** Exercise directions **
Exclude the pictures. Transcribe exactly, and only, the lines from the one holding "Horizontal portrait of" to the end of the material below.

:: Information shown ::

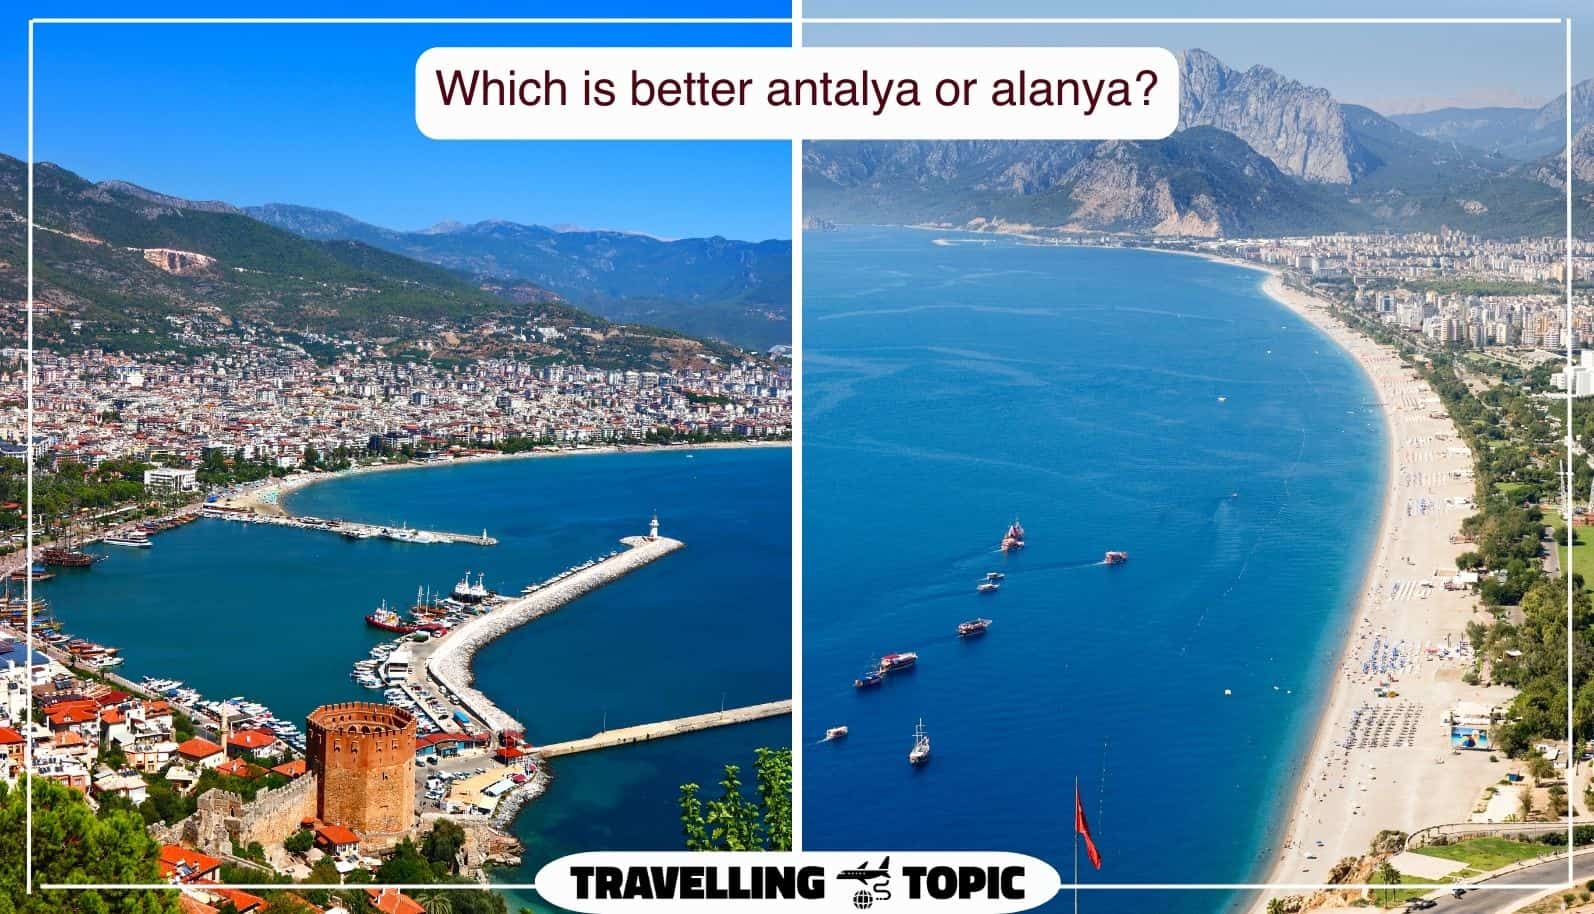 Which is better antalya or alanya
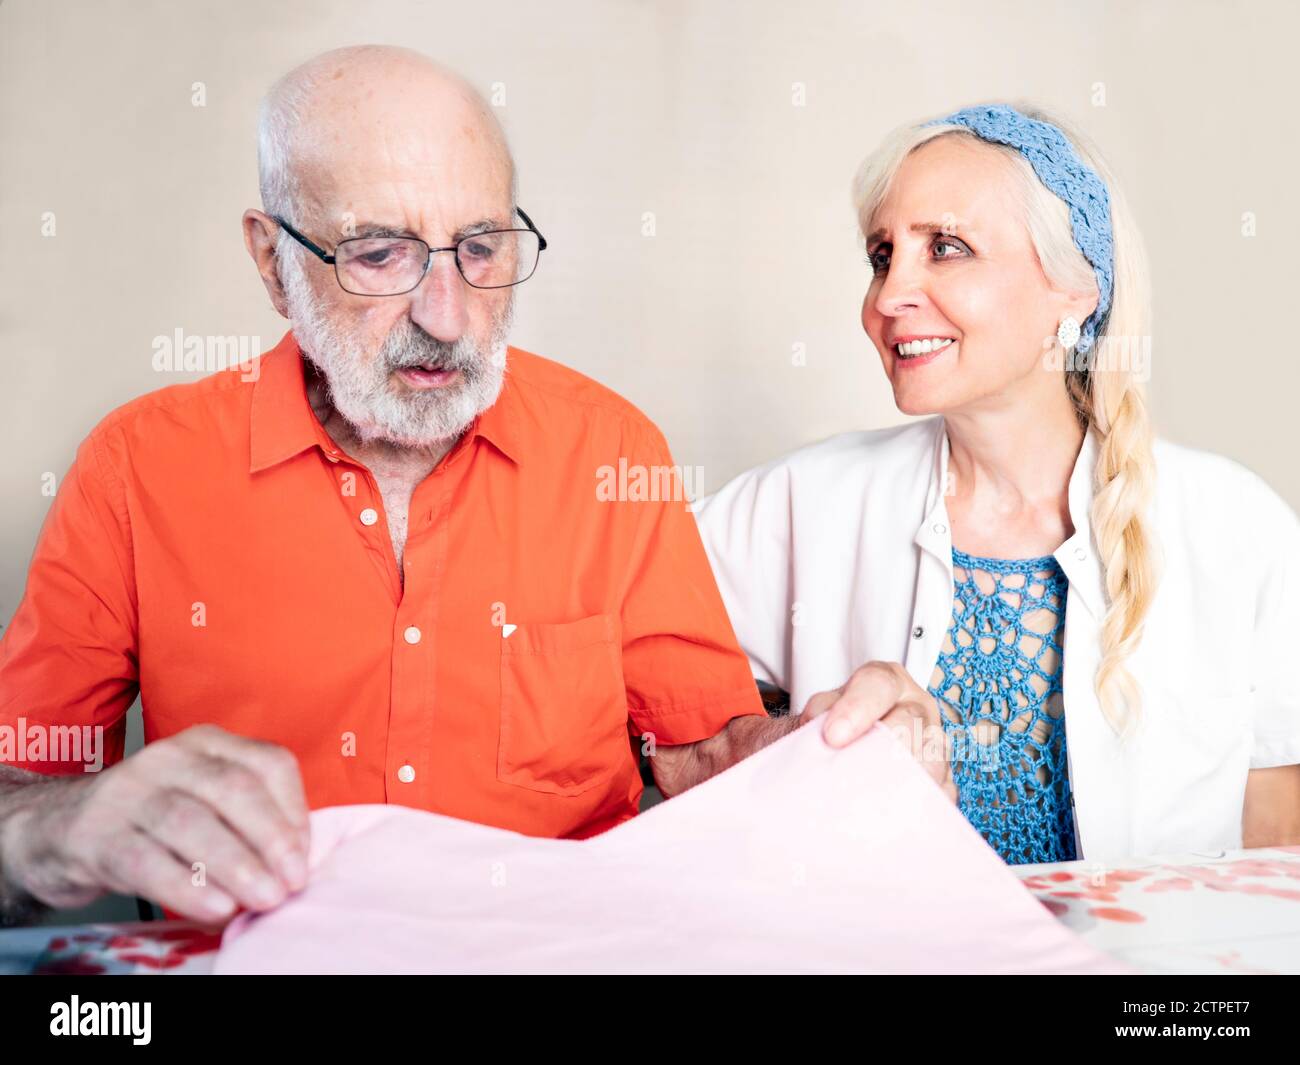 Horizontal portrait of a female medical assistant taking care of an ederly man Stock Photo
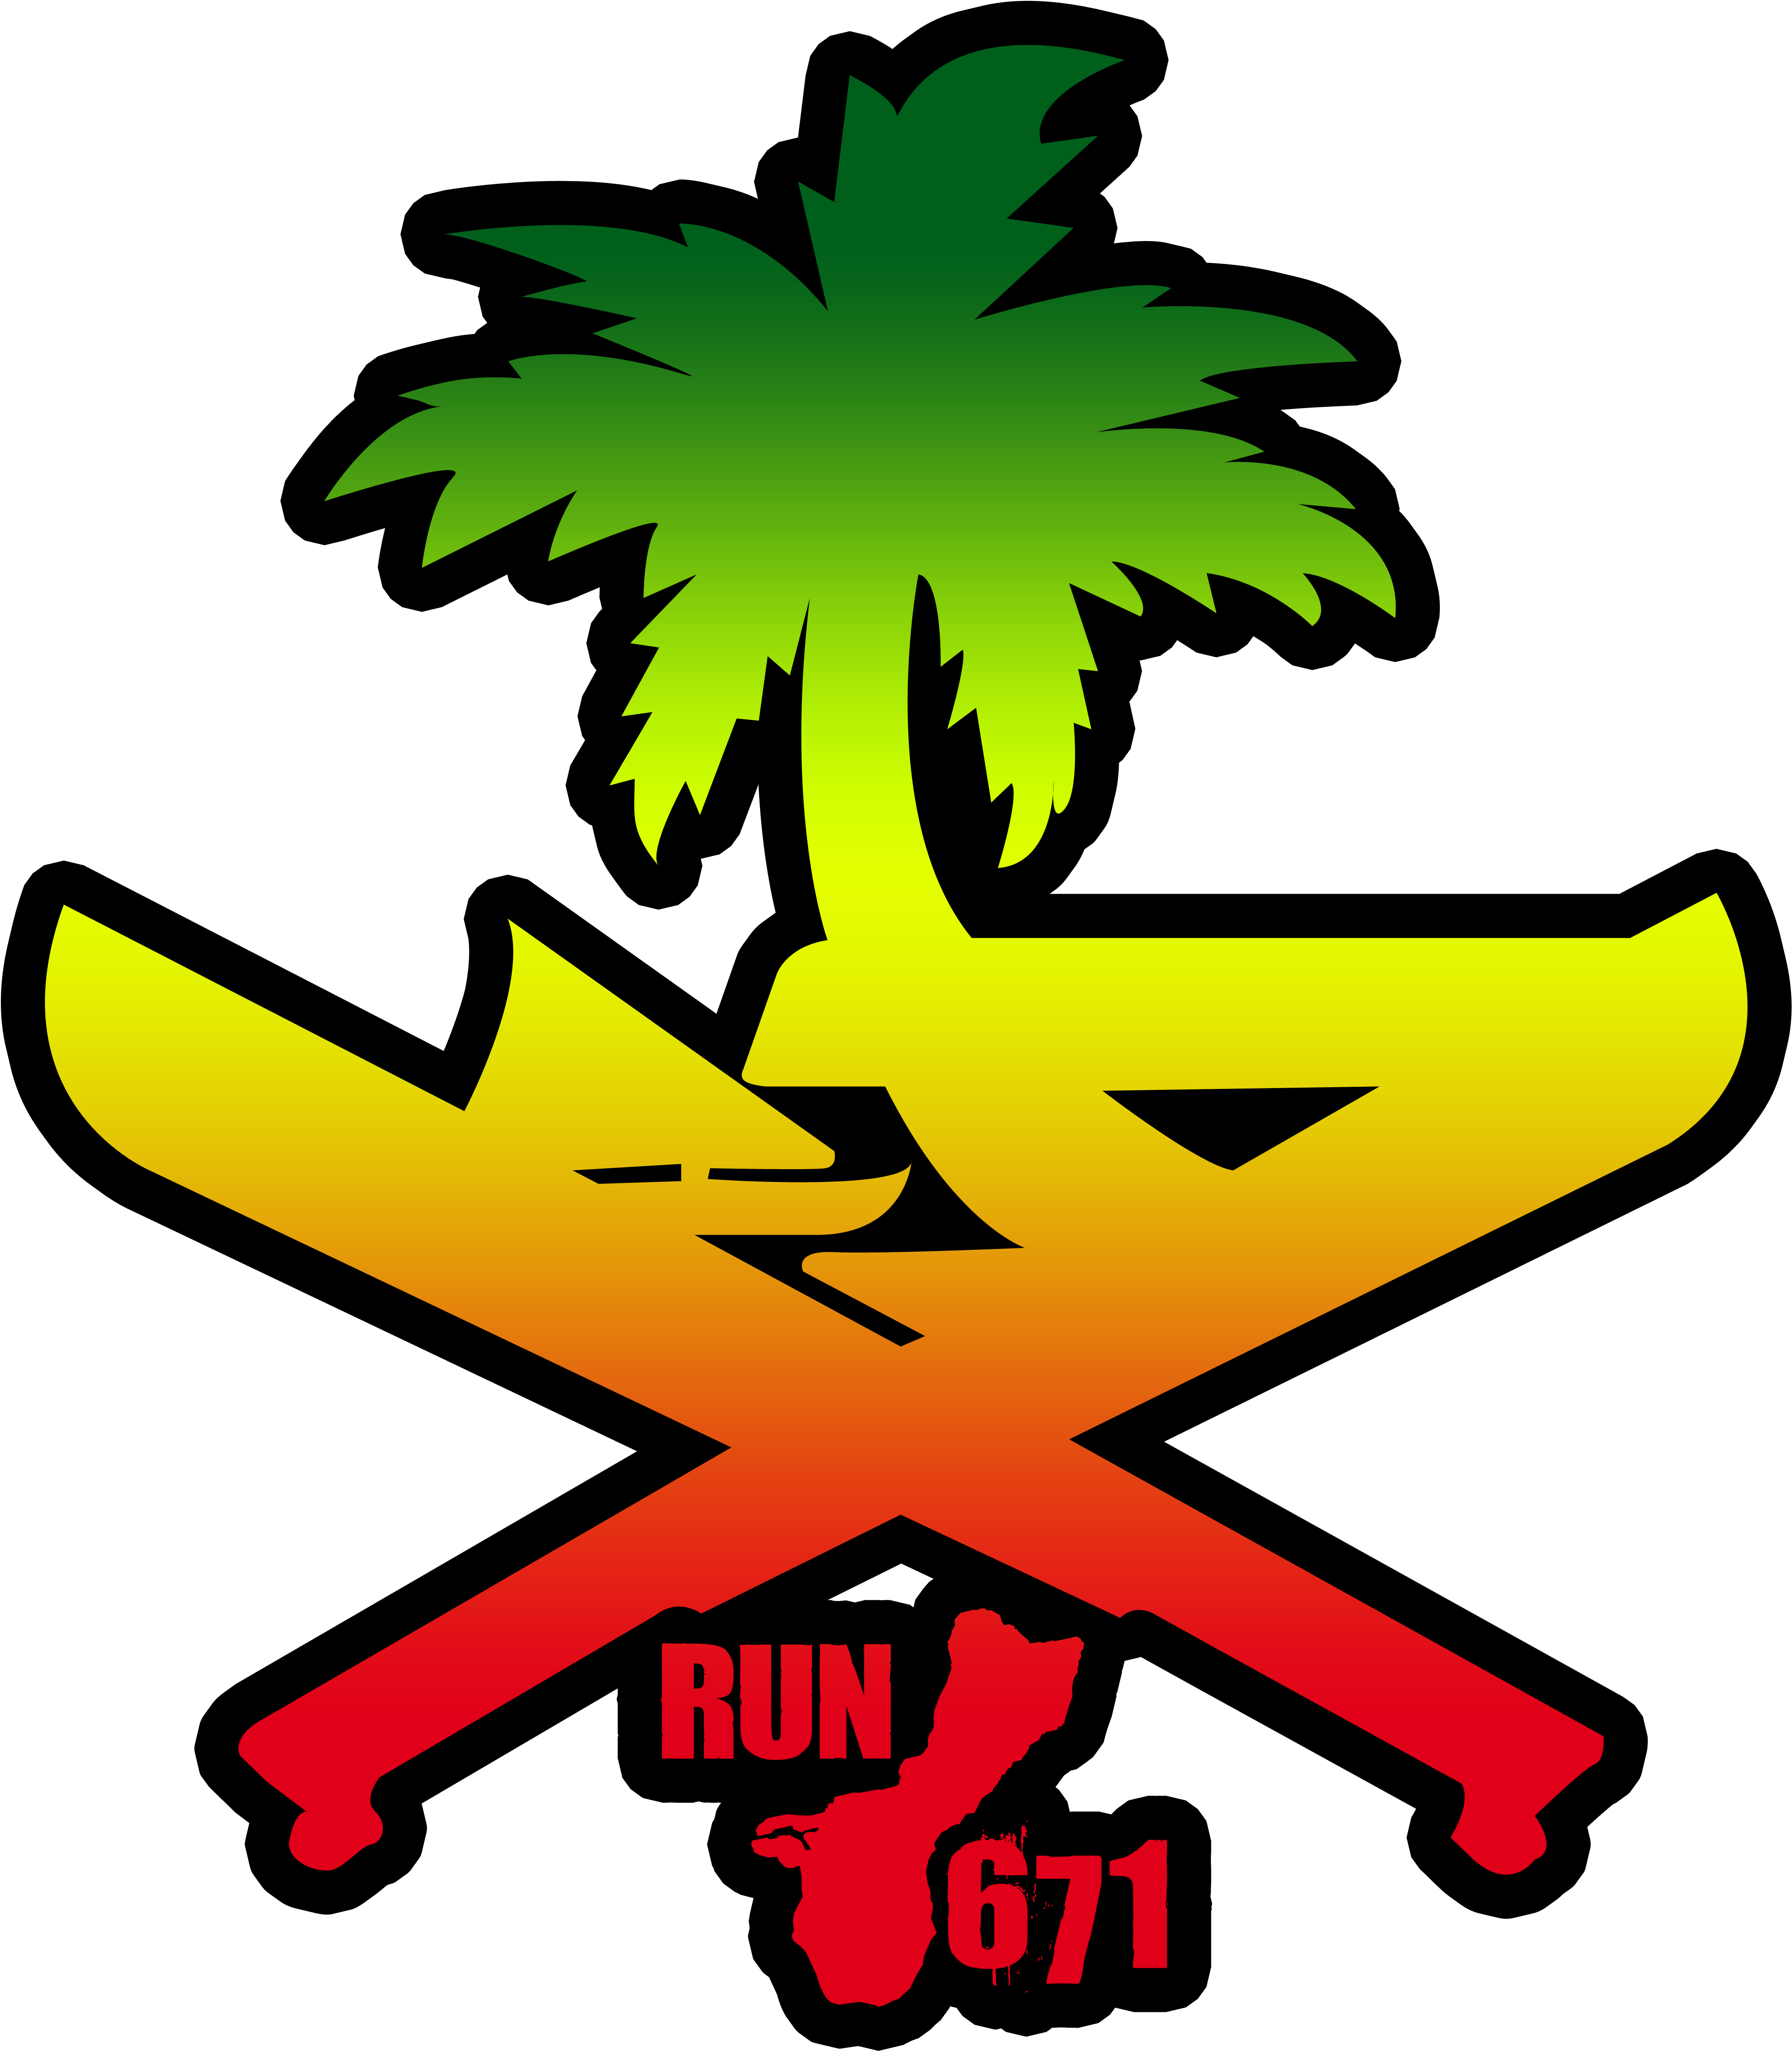 A Logo With Palm Tree And A Couple Of Skis

:::

** Exercise output **
 Horizontal portrait of a female medical assistant taking care of an ederly man Stock Photo
 A Logo With Palm Tree And A Couple Of Skis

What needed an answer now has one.